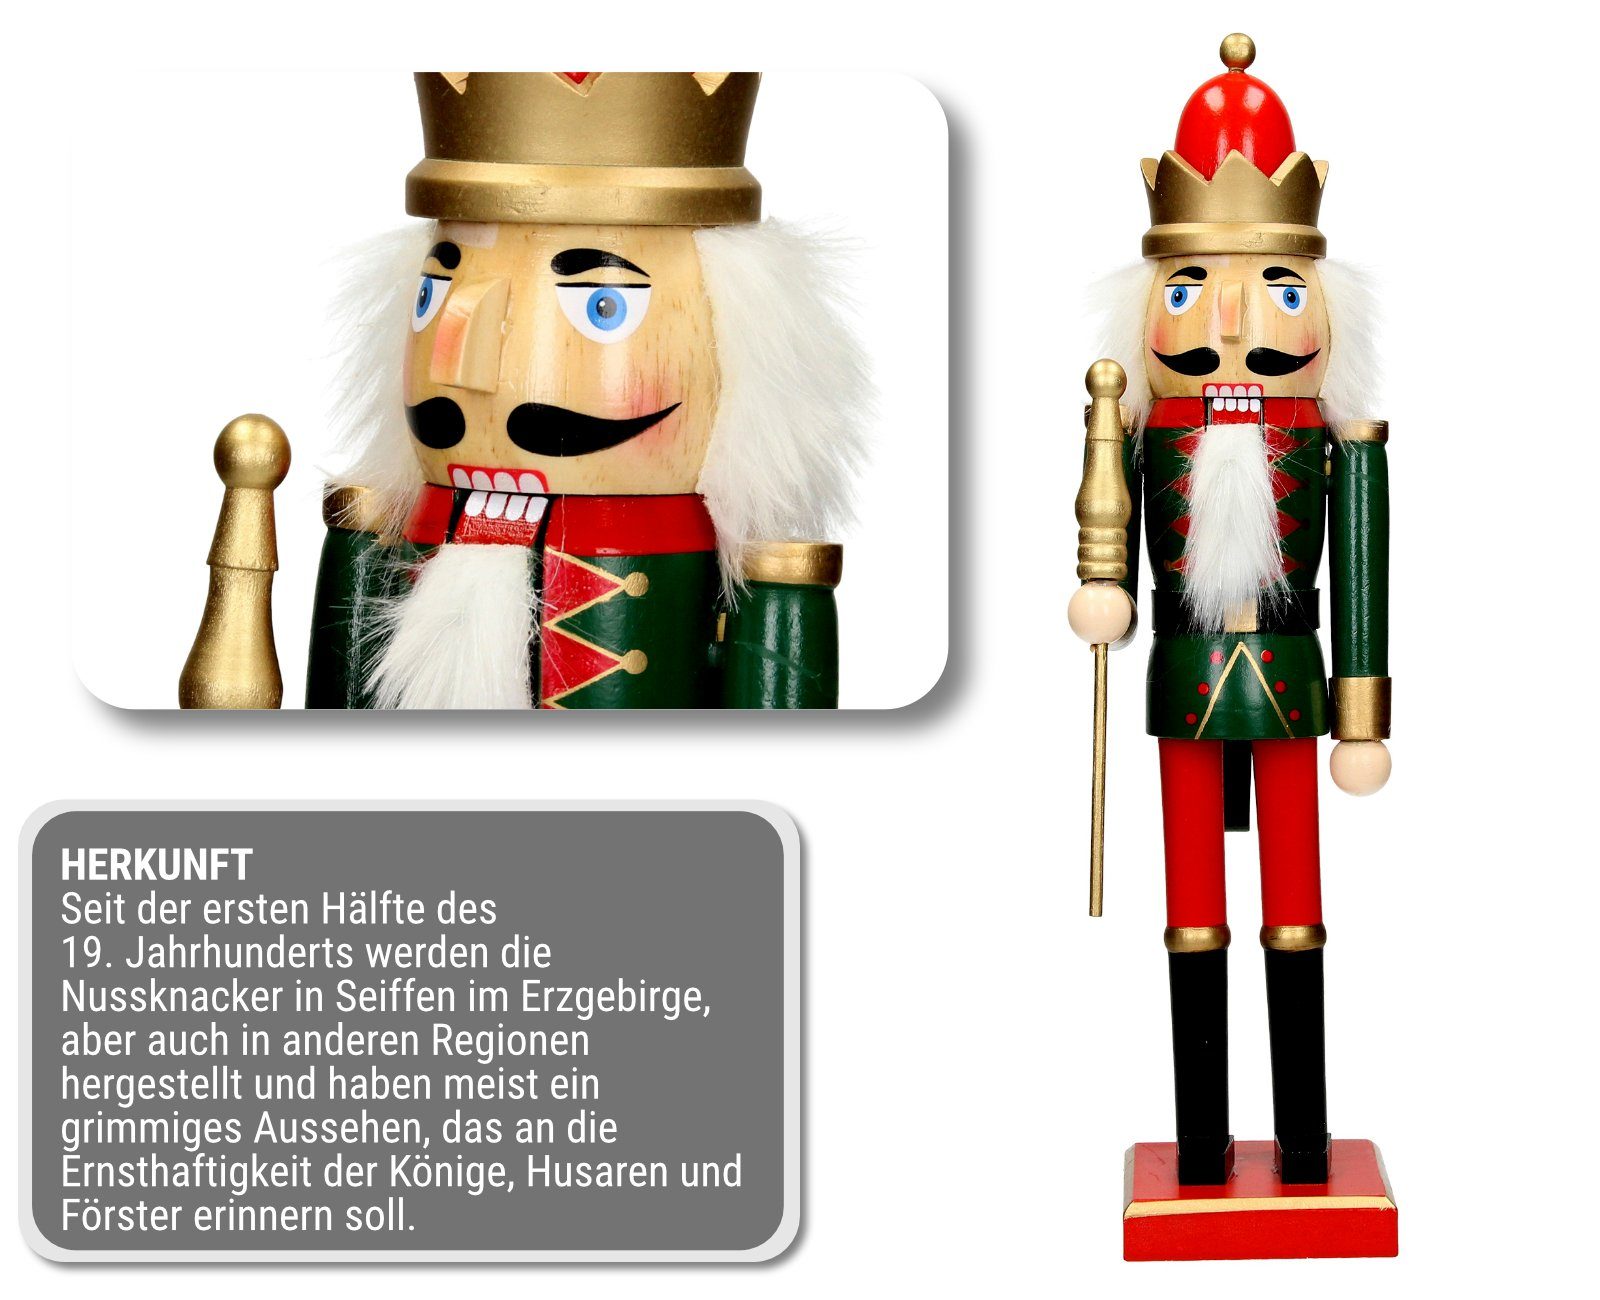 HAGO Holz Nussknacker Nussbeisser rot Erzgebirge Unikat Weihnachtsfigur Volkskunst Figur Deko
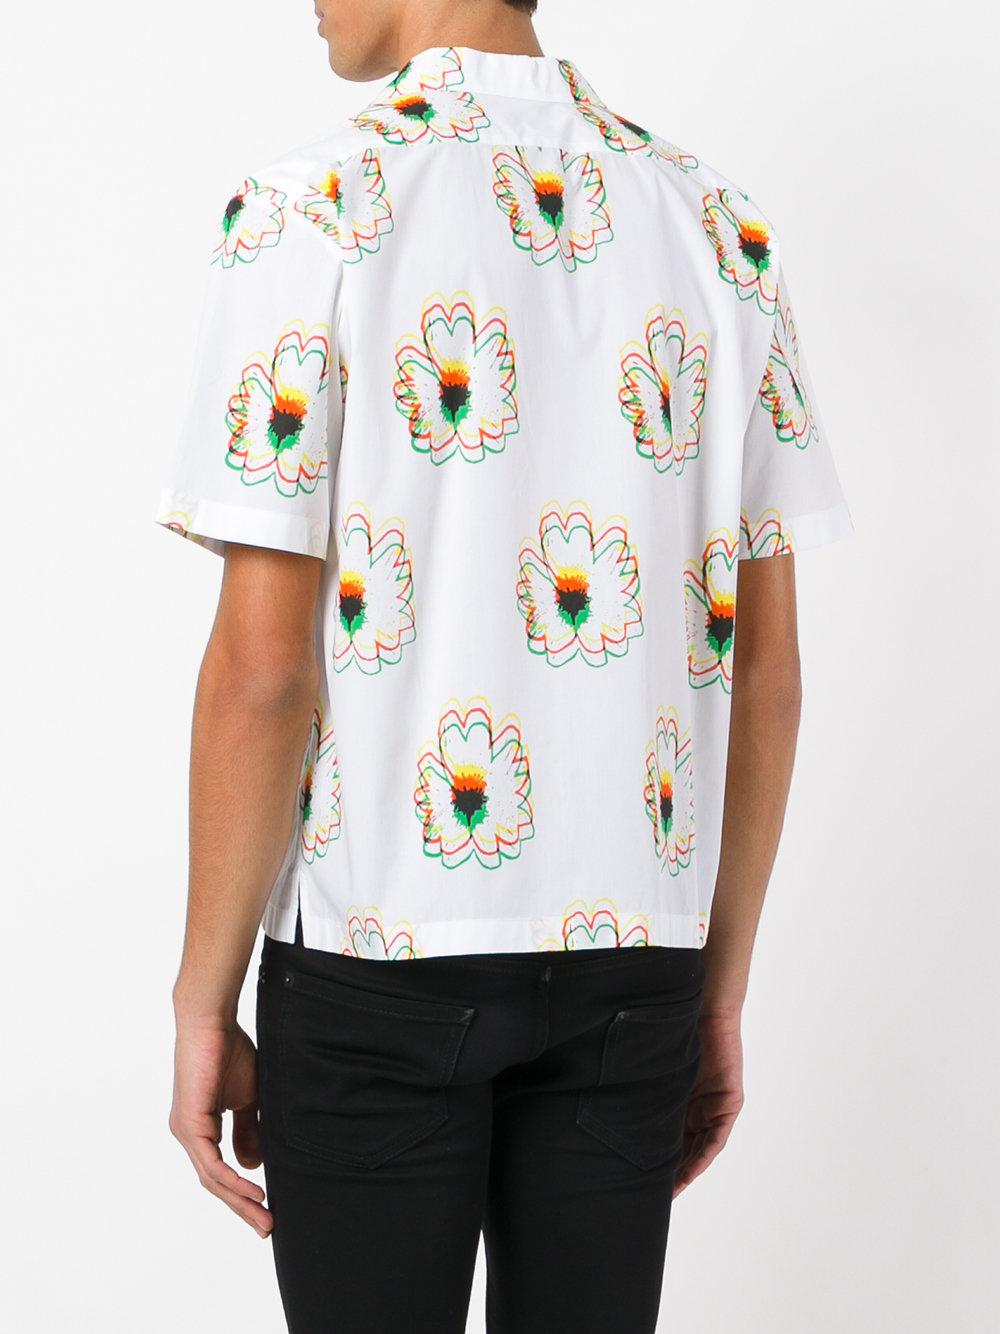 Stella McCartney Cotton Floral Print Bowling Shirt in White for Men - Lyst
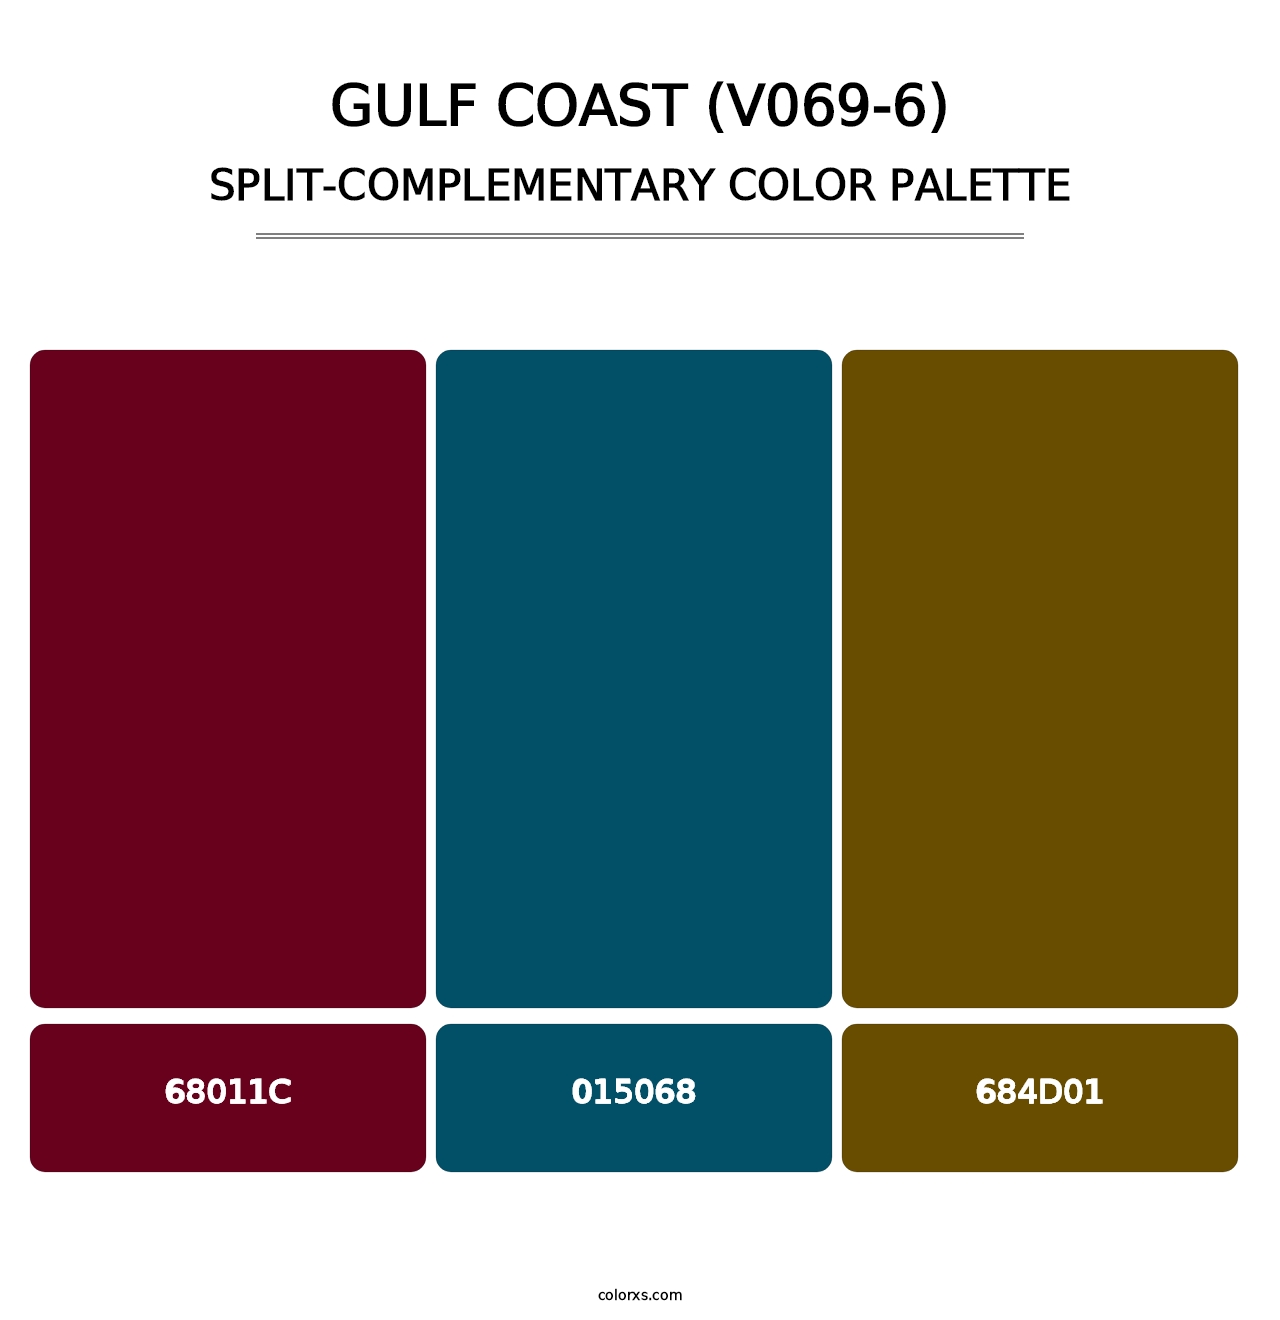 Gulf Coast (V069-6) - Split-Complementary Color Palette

* * *

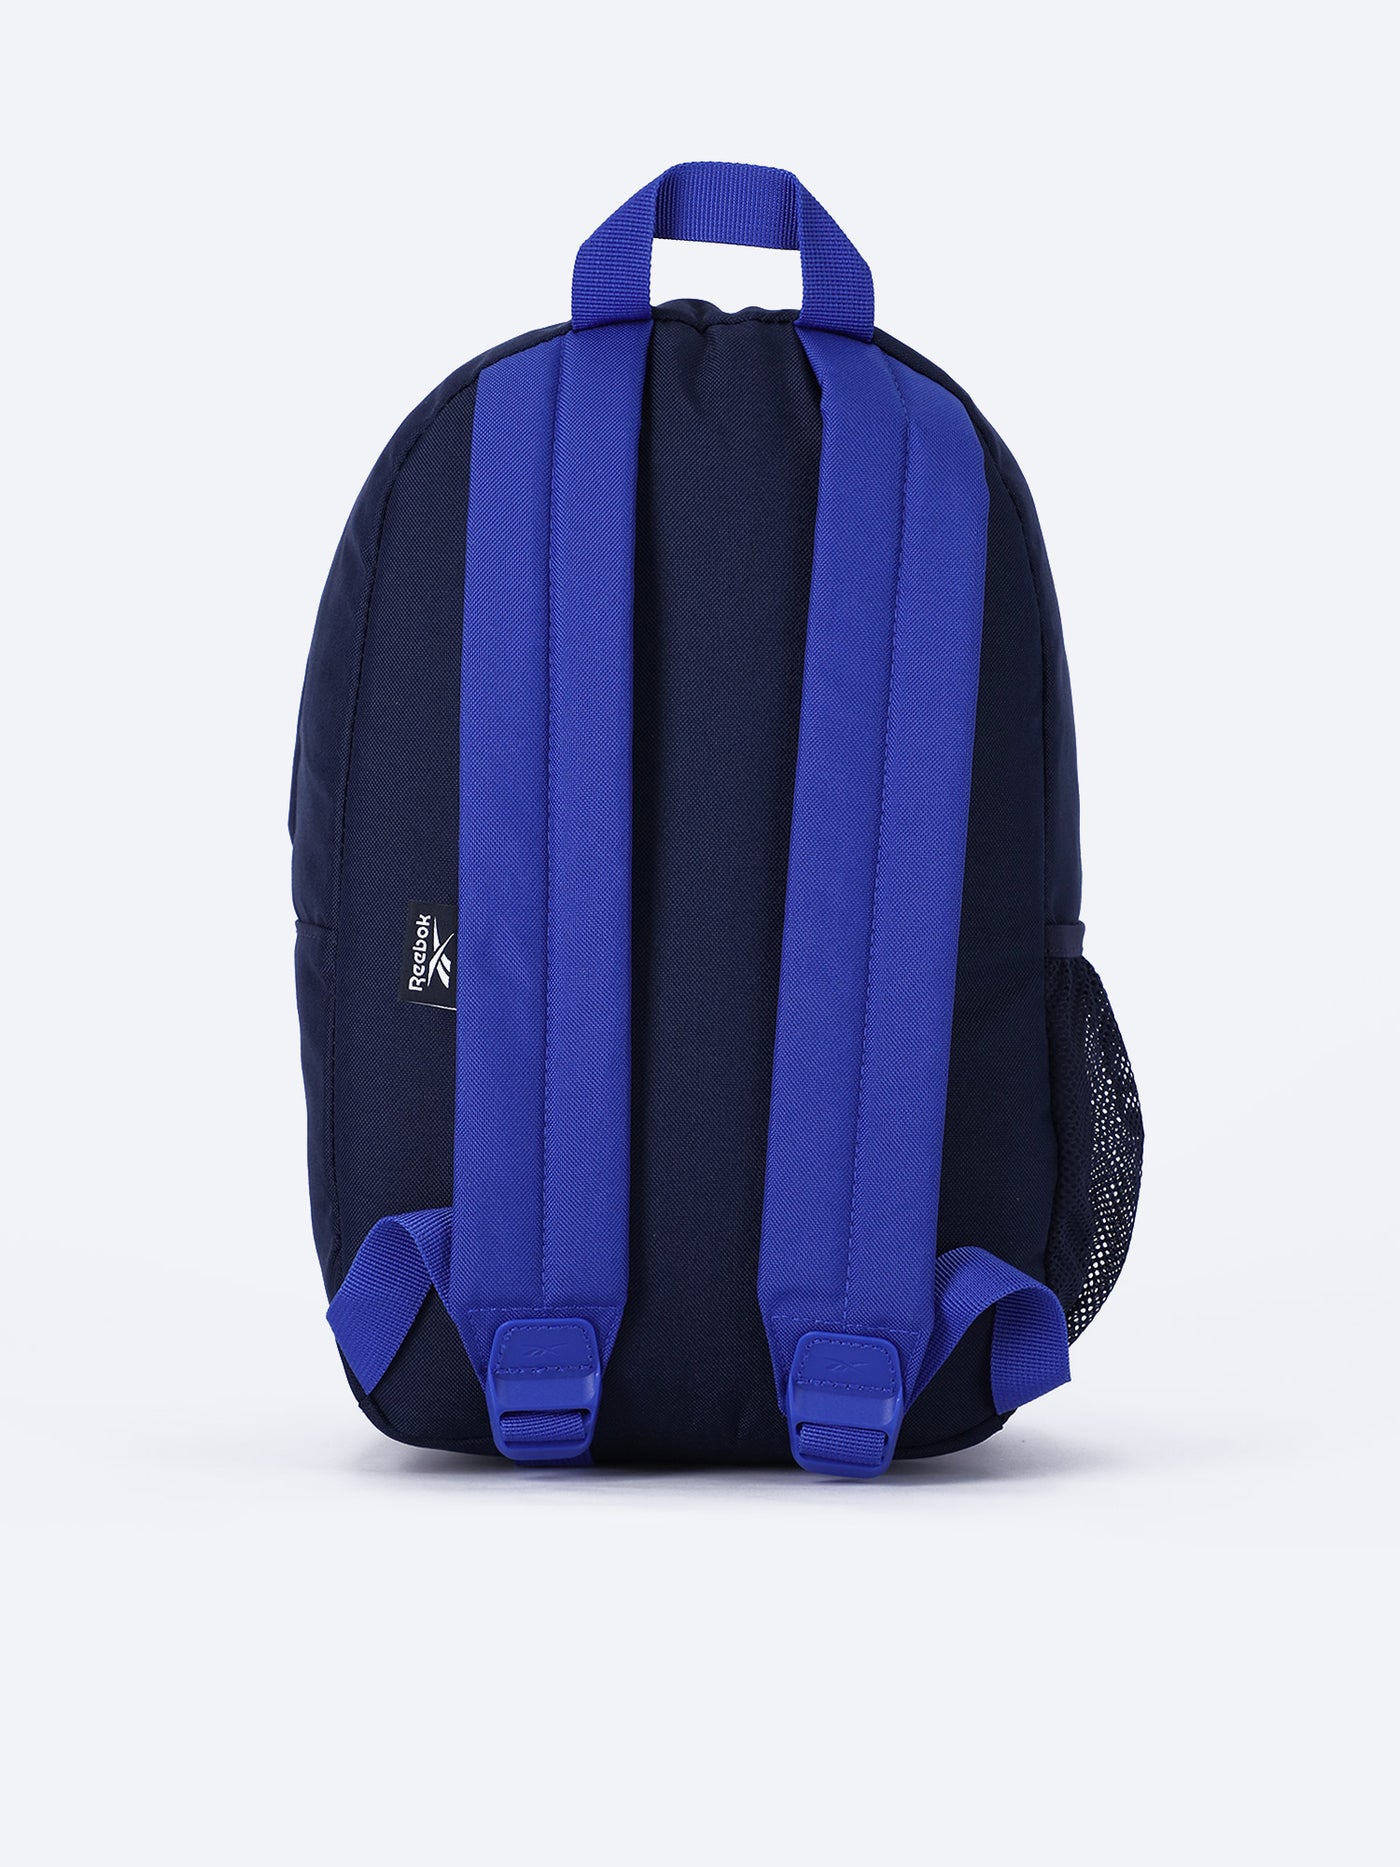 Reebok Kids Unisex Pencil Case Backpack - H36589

* * *

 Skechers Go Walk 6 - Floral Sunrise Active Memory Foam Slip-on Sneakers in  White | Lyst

> **Task item**
Every line above from the one with "HAGO Holz Nussknacker" down to the one with "Gulf Coast (V069-6)" must be written out exactly, and no picture may appear.

> **Answer space**
 HAGO Holz Nussknacker Nussbeisser rot Erzgebirge Unikat Weihnachtsfigur Volkskunst Figur Deko
 Stella McCartney Cotton Floral Print Bowling Shirt in White for Men - Lyst
 Gulf Coast (V069-6) - Split-Complementary Color Palette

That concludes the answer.